Once vaccinated tourists are allowed to enter the Cayman Islands without quarantining, it is inevitable that COVID-19 will be back in the community. The re-emergence of community transmission suggests it may already be back, though it is possible that, at this stage, this outbreak may be contained.

Although the border reopening has been pushed back to 2022, Premier Wayne Panton has acknowledged that can’t be a permanent measure and ultimately the virus will be back and “we will have to learn to live with it and manage it”.

Vaccinated people can carry and spread COVID, albeit not at the same rate as those who have not been immunised.

If COVID-19 takes hold in Cayman and the exposure to the virus reaches the levels now seen in the UK, which has lifted all restrictions on movement and gatherings, we could expect a high number of people to contract the coronavirus.

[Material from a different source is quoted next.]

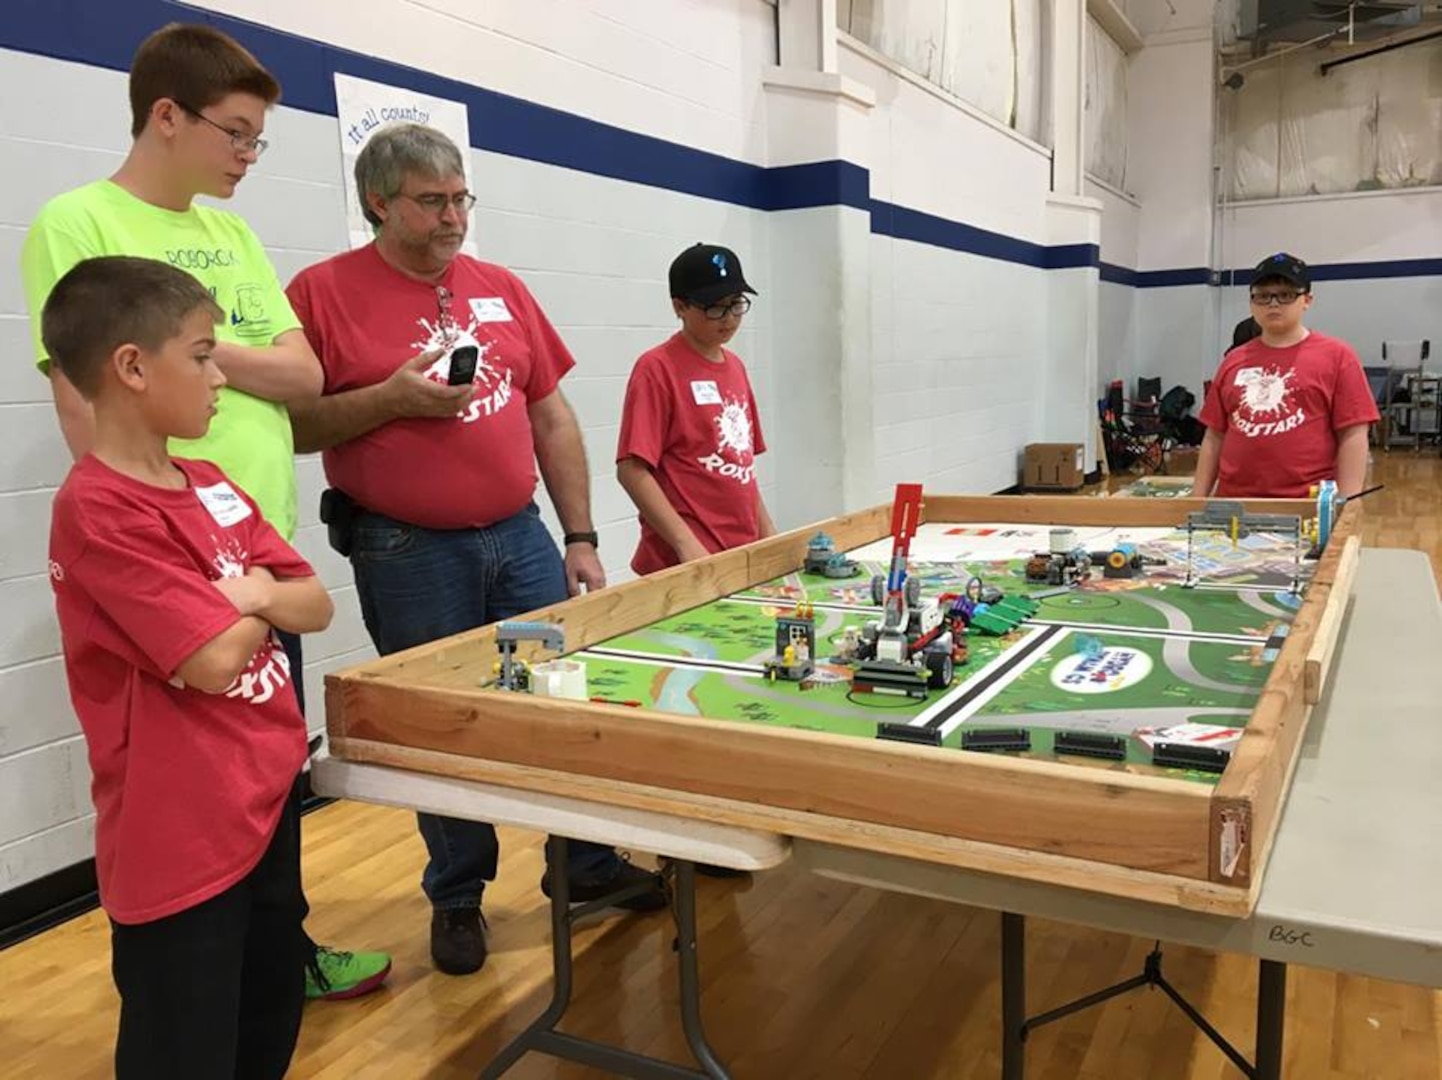 STEM students, parents and NSWC Crane volunteer coaches participated and volunteered at a FIRST Lego League (FLL) competition on Nov. 18 at the Lawrence County Boys and Girls Club as 130 students competed for a chance to move on to the State Tournament scheduled for Dec. 2 at the University of Southern Indiana.

The UK is currently seeing about 38,000 cases each day. The equivalent daily rate, adjusted for Cayman’s population, would be 39 positive cases per day.

At the worst of the crisis in the UK – before a majority of the population had been vaccinated – the rate was much higher, equivalent to 85 cases a day when adjusted for Cayman’s population size.

If we look at a small island population like Bermuda, potentially a more relevant comparison in terms of size than the UK, the infection rate hit 79 cases per day during a deadly second wave in April and averaged more than 80 per day during a current major outbreak. Active COVID cases have since reached a record 1,083 in Bermuda.

The BVI, which saw a significant COVID surge in July peaking at almost 1,600 positive cases, is down to 50 active cases. It is worth noting, however, that the BVI’s vaccination rate of 46.9% is much lower than in Cayman, although it jumped after the surge that resulted in 35 deaths in the islands.

As a result of COVID outbreaks, the total cases in Bermuda (4,072) are five times higher than in Cayman (758).

So far, in Cayman more than 52,000 tests carried out on frontline workers and travellers to and from Cayman, on average returned 0.53% positive tests this year. The highest daily number was 3% positive tests, when 24 positive cases were detected on 6 Sept.

How many people would need hospital treatment?

The number of positive cases Cayman can expect to see each day is relevant, especially to determine when additional mask mandates and other measures are necessary. But the number of hospitalisations is much more crucial.

While the potential for 40 or more cases per day sounds dramatic, 18 months of COVID data tells us that the fraction of those that will become seriously ill is relatively small.

At the height of the crisis in the UK, before anyone was vaccinated, hospitals were treating nearly 40,000 patients each day, equivalent to 40 a day in Cayman.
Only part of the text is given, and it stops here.